One area of law refuses to stay consistent from year to year—Waters of the United States, or WOTUS, for frequent fliers. The Supreme Court decided the Sackett case for a second time this past summer, limiting federal jurisdiction over wetlands. After the decision, the relevant federal agencies (Environmental Protection Agency and Army Corps of Engineers) enacted a final rule amending the January 2023 version of the Revised Definition of Waters of the United States, effective September 8, 2023. The current amended rule purports to revise the regulatory text to comport with the Court’s decision in Sackett.

Of course there is a catch (or two). First, the amended rule does not apply equally nationwide. Instead, in the states where the earlier January 2023 rule had been enjoined (paused) by court order, the recent amendment also is not effective yet. In the jurisdictions and for the parties where the January 2023 Rule is enjoined, the agencies are interpreting "waters of the United States" consistent with the pre-2015 regulatory regime and the Supreme Court's decision in Sackett. The EPA’s website provides the following map, showing the breakdown nationwide:

IMage sourced from EPA website

This may be a distinction without a difference, since whether the state falls under the new rule or the pre-2015 rule, both must be implemented in accordance with the Supreme Court’s decision in Sackett. For some places (like Indiana), the Agency staff will be implementing two different approaches across their regional jurisdiction.

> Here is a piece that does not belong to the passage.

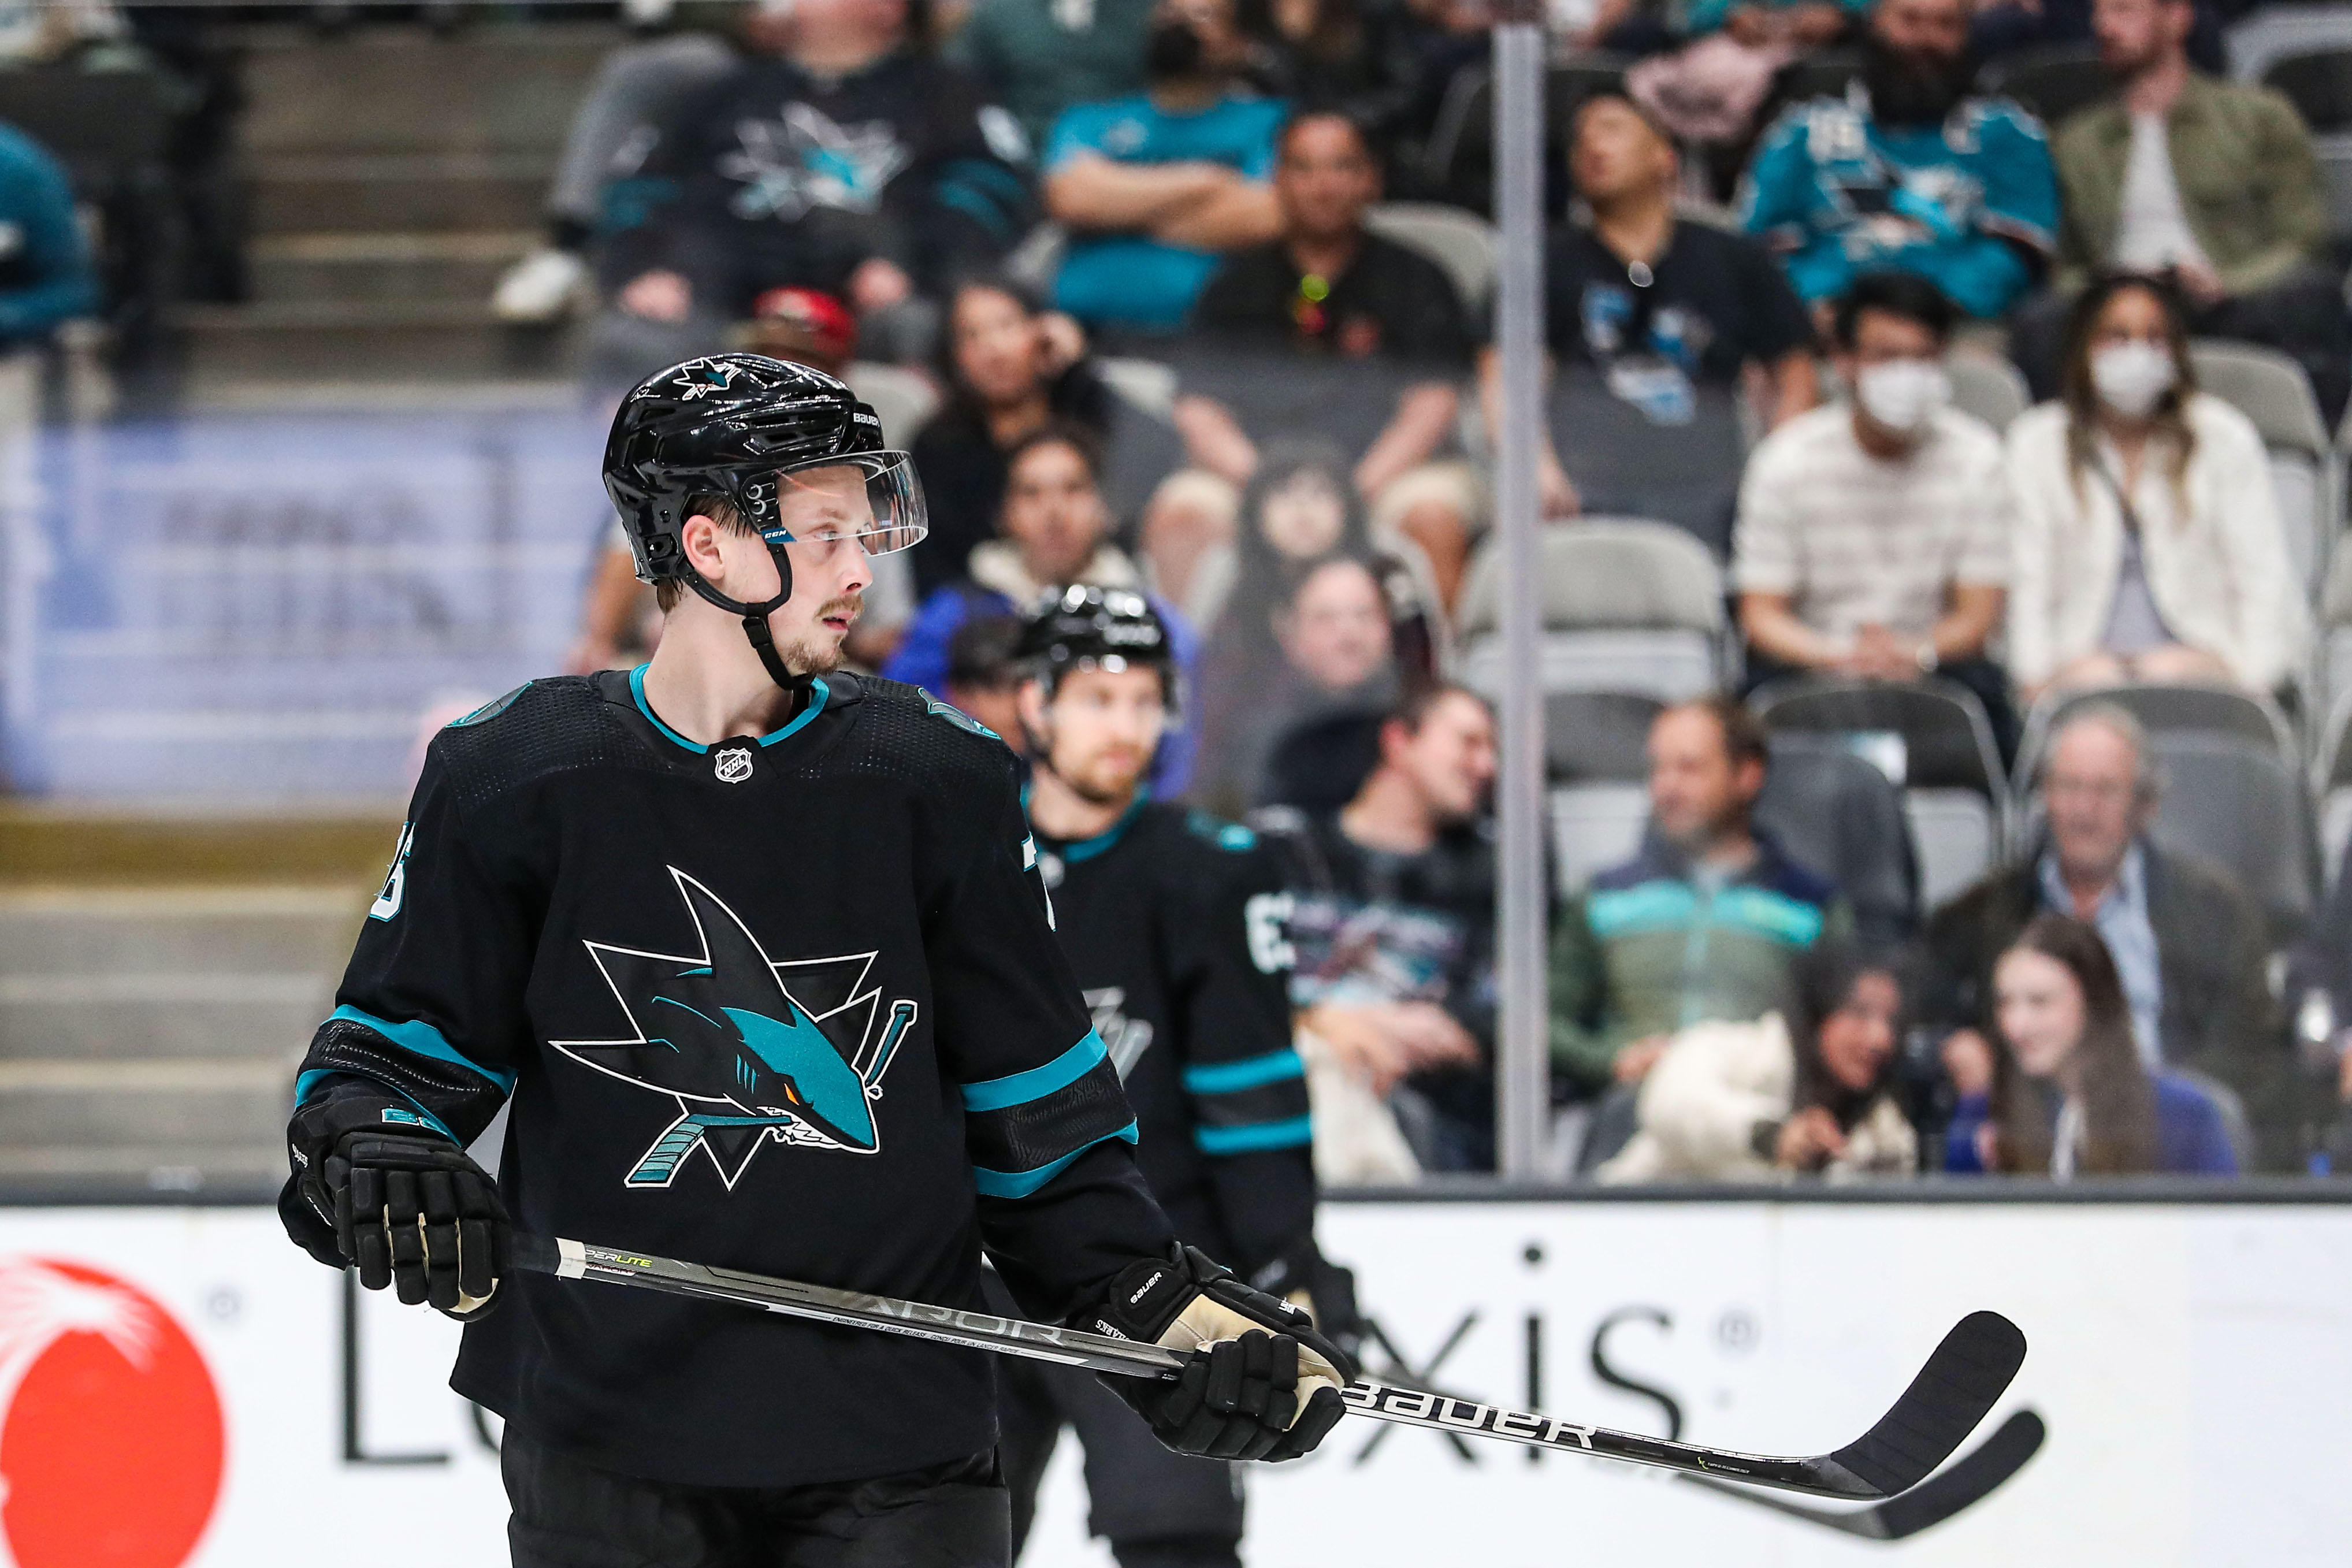 Jonathan Dahlen #76 of the San Jose Sharks stares down the ice during game against the Calgary Flames at SAP Center on April 7, 2022 in San Jose, California.

There is criticism that the new rule only addresses one piece of the WOTUS definition for wetlands that was rejected by the Court. The new rule eliminated the “significant nexus” test that the Supreme Court rejected, but ignored other concerns raised by farmers and agricultural groups. As expected, the amended rule implements Sackett’s “continuous surface connection” test for wetlands. The rule clarifies that when identifying federally jurisdictional wetlands, “adjacent” means “having a continuous surface connection,” meaning the Clean Water Act no longer covers “adjacent” wetlands, only “adjoining” ones. But the rule does not define what a “continuous surface connection” really means. The rule continues to rely on the vague phrase “relatively permanent” to describe one category of jurisdictional waters. The rule does not pick up all the restrictive language used by the majority opinion in Sackett—namely that wetlands must be practically indistinguishable from traditional jurisdictional waters to qualify as WOTUS.

Finally, the Agencies did not subject the new rule to a public notice and comment period (like most new rules). Instead, the Agencies indicated they were not exercising any discretion since this rule was just a recitation of what the Supreme Court had already decided. The Agencies explained that public notice and comment would not provide any new information, so it was not needed. Of course, the unusual procedural process is another reason the rule is likely to be challenged in court like every other WOTUS rule has been.

The takeaway? Likely more WOTUS litigation, but within the bounds of Sackett. We are also likely to see state legislatures respond with new laws based on the Supreme Court’s language stressing state primacy in the area of water regulation. States could become more restrictive by giving their state agencies more jurisdiction over state wetlands, or could allow for more development by reducing state agency authority. If you receive a notice from state or federal agencies contending you have a jurisdictional wetland, I recommend contacting an attorney and an environmental consultant to sort through the changing legal landscape.